Ночь он провёл на кровати, заваленной шкурами. Уснул он весьма быстро и почему-то с мыслью о том, что ему здорово повезло, даже если это везение очень быстротечное. Огонь сальной свечи выхватывал из тьмы кусочек стола, руки и нижнюю часть лица Арины. Девушка сидела неподвижно, как изваяние, но, когда Василий уже почти провалился в сон, она повернула голову в его сторону и долго смотрела на него. Огненная точка плясала в зрачке её левого глаза…
Утром Верещагин вызвался проводить Арину к корове.
– Почему же ты не возле дома пасёшь скотину? – полюбопытствовал он.
– Деревенские несколько раз хотели отобрать у меня коня. А до островка не дойдут, не знают пути.
– Чем больше слышу, тем больше удивляюсь… Не по-людски тут у вас как-то…
– А вы, ваше благородие, должно быть, много хороших мест повидали, коли так говорите.
– Нет, Ариша, пожалуй, не повидал. Откуда мне? Я человек военный, вижу только, как солдаты маршируют да штыком колют. Я тоже не по-людски живу… Временами, поверишь ли, с тоски выть хочется.
– Воете? – засмеялась девушка.
– Нет.
– А вы попробуйте. Это очень здорово печаль прогоняет.
– Ты шутишь? – Верещагин прибавил шаг и заглянул Арине в лицо.
– Ничуть. Выть волком очень даже полезно.
– Да мне и выть-то негде, – попытался оправдаться поручик. – Ежели я на плац выйду и начну завывать там, меня сразу же спеленают и к докторам в лазарет отправят. Нет, Ариша, некоторых вещей я никак делать не могу.
– Вот видите, ваше благородие, – остановилась девушка и покачала сочувственно головой. – Не по-людски живёте, затравленно как-то…
Он с удивлением увидел, что в её глазах не было ни намёка на шутку.
– Скажи, – поспешил он перевести разговор в другое русло, – а та кукла, которая у тебя возле печки сидит, укутанная в шкуру, она для чего нужна?

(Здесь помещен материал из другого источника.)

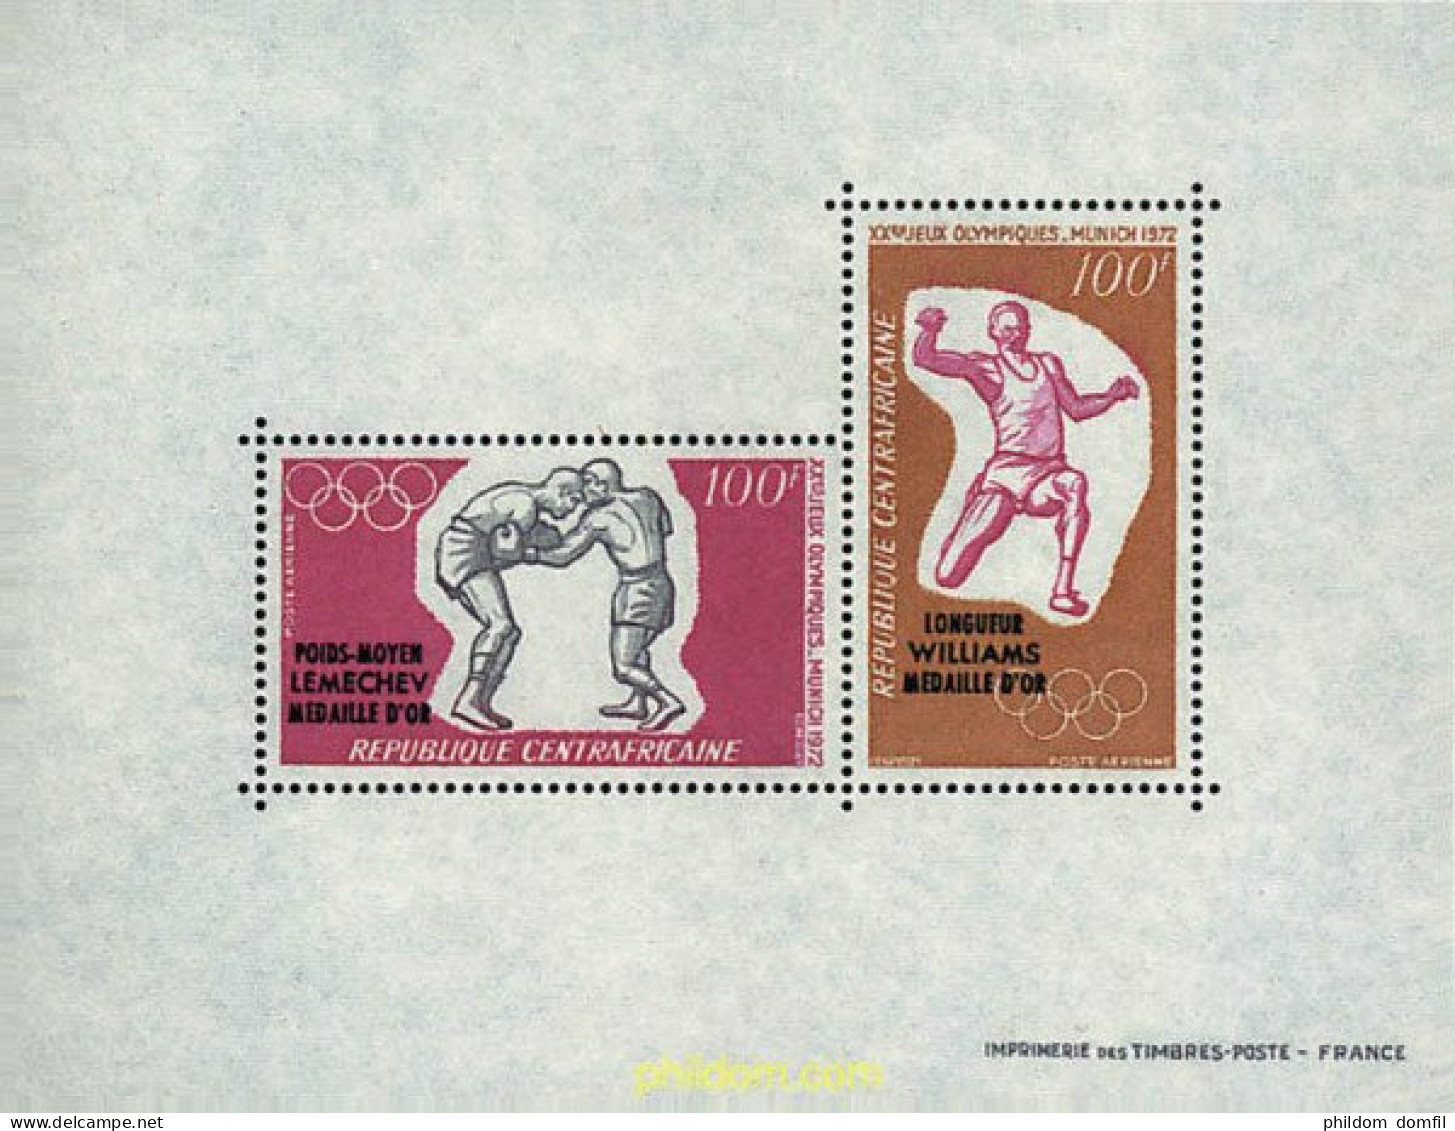 50778 MNH CENTROAFRICANA 1972 20 JUEGOS OLIMPICOS VERANO MUNICH 1972 - República Centroafricana
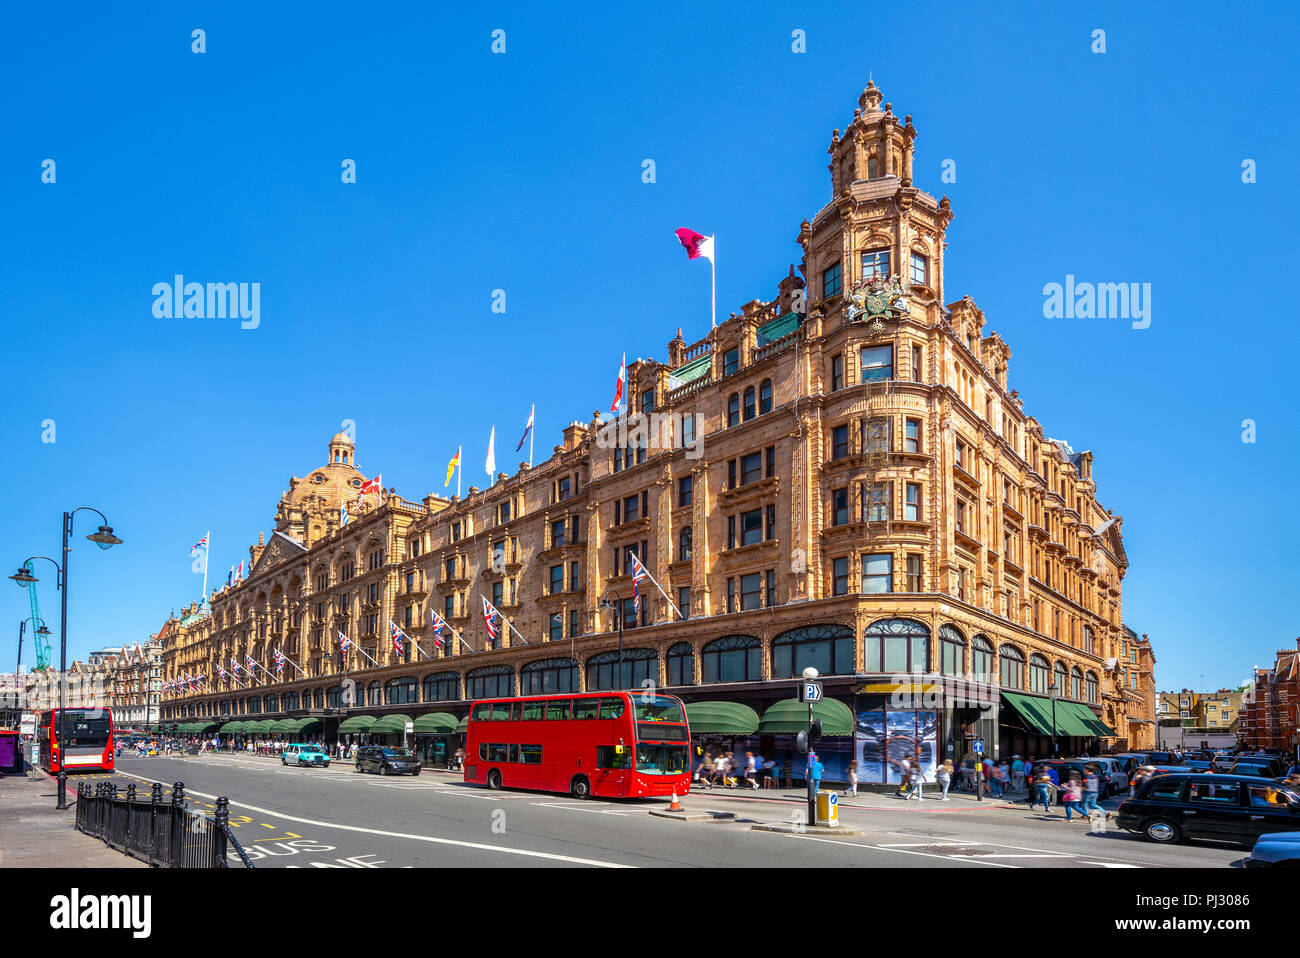 Vista de la calle de Londres con famosos grandes almacenes Foto de stock

– Это дух-охранитель. Не сам дух, конечно, – Арина замялась, – это вроде иконы. В ней сила хранится. Дедушка мой раньше сомневался, выбирал, что лучше. Помню, когда я совсем ещё маленькая была, он однажды на Миколин день пришёл и говорит: «Стало сильно брать меня, который Бог сильнее: наш или русский. Решил я Миколу спытать». Зажёг он перед иконой Угодника свечу, а рядышком поставил куклу нашего духа-охранителя и надел на куклу шапку. Долго сидел и смотрел на них. И все мы наблюдали, ждали. Когда уж совсем спать собрались ложиться, шапка с куклы вдруг свалилась и сию ж секунду свеча перед Угодником затухла. Вот и получается, что равны они.
– Но ведь Николай Угодник, – возразил было Верещагин, – это не Бог. Это лишь святой.
– В каждом святом частица Бога хранится. И в каждой нашей священной кукле такая же частичка есть. И в нас с вами, ваше благородие, тоже такая крупица вложена.
– Чем же мы тогда отличаемся от святых, Ариша?
– Ничем, – легко ответила она. – А впрочем, отличаемся, ясное дело, отличаемся. Святые люди пользуются вложенной в них крупицей, а простые люди не пользуются ею. Может, не умеют найти её в себе. Потому и молятся простые люди святым, как самому Богу…
Островок, где паслись корова и лошадь, лежал на реке Демьяновке и был отделён от берега узким протоком, не позволявшим скотине самостоятельно вернуться на берег. Корова оказалась большая и рыжая, а лошадь сверкала средь зелёной листвы, как расплавленная смола.
Возвращаясь к дому, девушка несла ведро с молоком сама, не разрешив Верещагину помочь ей. Вдруг она остановилась.
– Что такое? – спросил Василий.
– Не знаю. Беда.
Её лицо сразу обострилось и стало похоже на мордочку какого-то незнакомого зверька.
В следующую секунду со стороны дома послышалось два выстрела, затем ещё два, ещё и ещё. Кто-то палил из охотничьего ружья, успевая ловко перезаряжать его.
Арина выпустила ведро. Молоко жирно расплескалось по траве, тяжёлые белые капли повисли на зелёных стеблях. Верещагин не успел ничего сообразить, а девушка уже мчалась по тропинке. Василию ничего не оставалось, как припустить за ней.
Подбегая к избе, они увидели в дверях рослого мужика. Верещагин почему-то сразу узнал его. Это был тот, кто вчера погрозил кулаком беспричинно и рыкнул: «Уж я вам всем, сволочи! Вот топор навострю!»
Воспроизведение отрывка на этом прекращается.